• **DATA EXCERPTS**
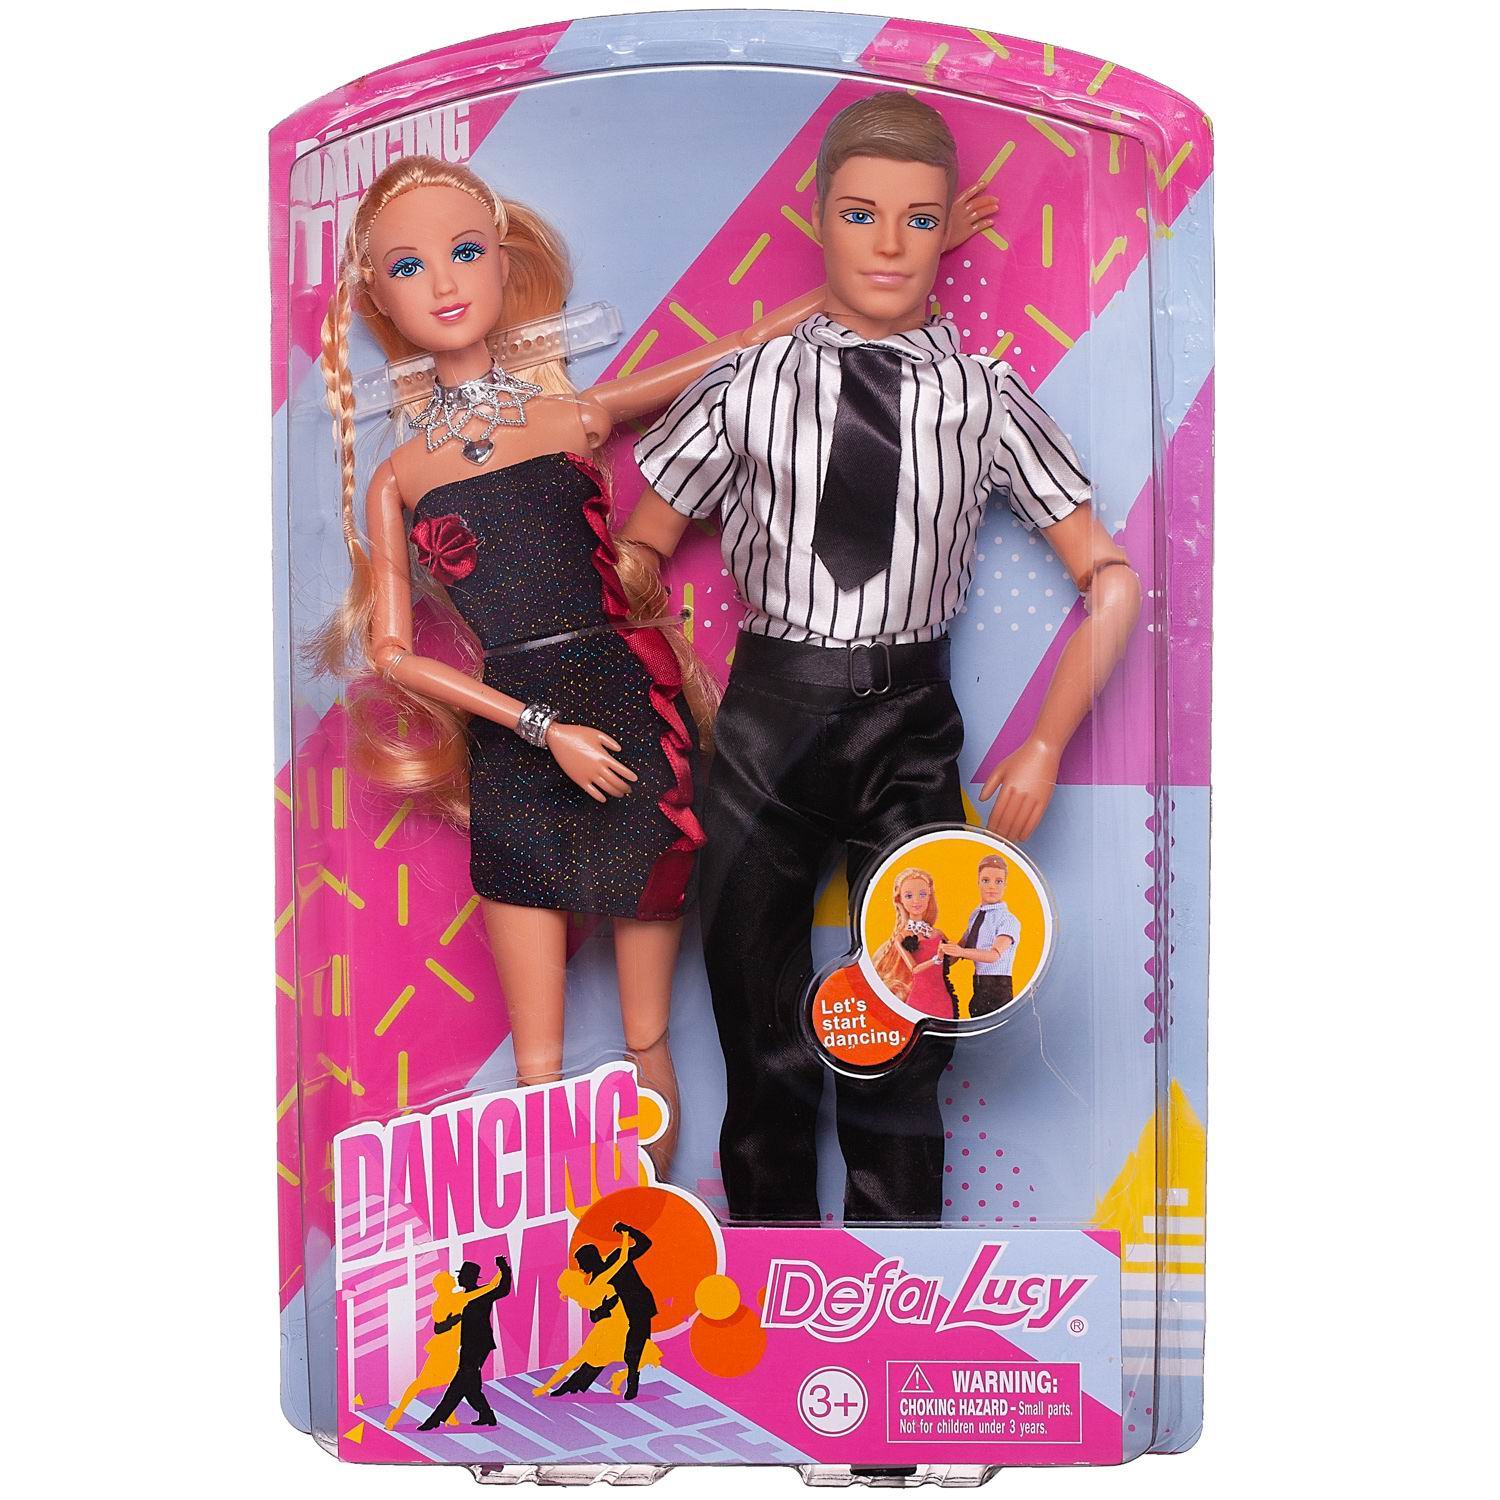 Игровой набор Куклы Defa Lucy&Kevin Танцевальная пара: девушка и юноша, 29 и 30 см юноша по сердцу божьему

...

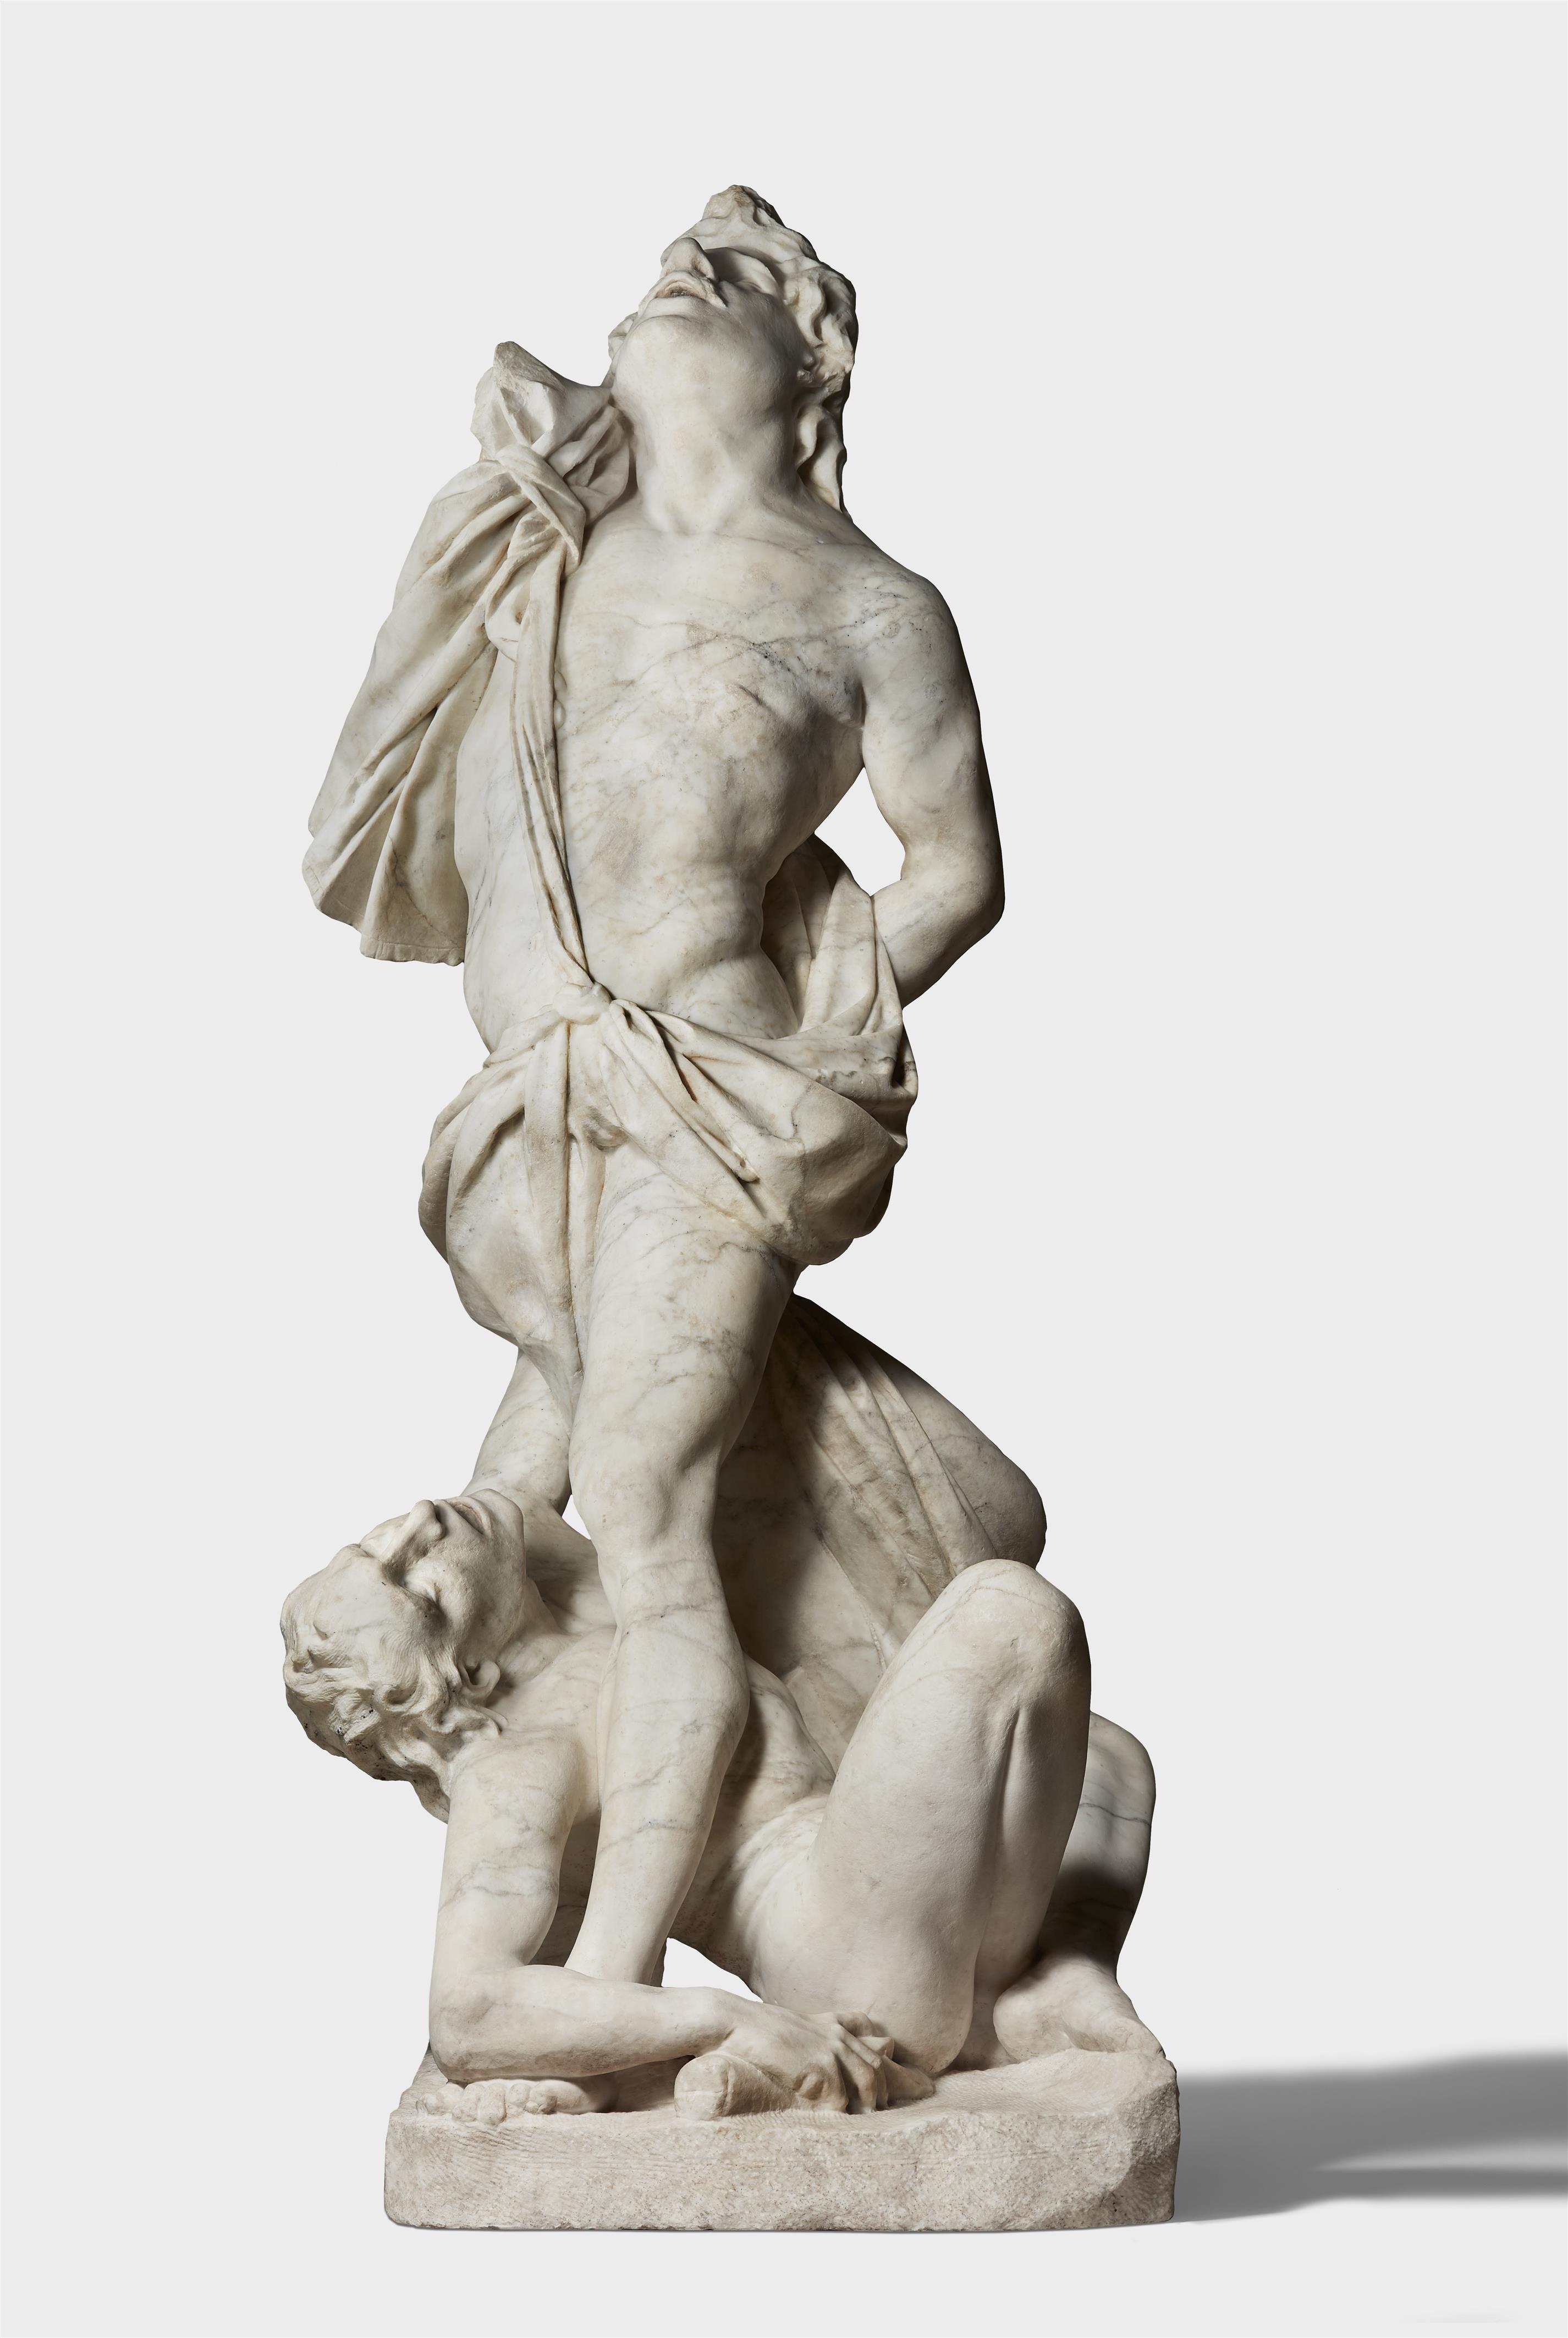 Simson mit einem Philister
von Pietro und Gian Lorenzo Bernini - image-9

• **WHAT IS REQUIRED**
With the pictures omitted, restate word for word the lines above from the line that has "Simson mit einem Philister" up to and including the line that has "von Pietro und Gian Lorenzo Bernini - image-9", and no other lines.

• **WRITTEN REPLY**
 Simson mit einem Philister
von Pietro und Gian Lorenzo Bernini - image-9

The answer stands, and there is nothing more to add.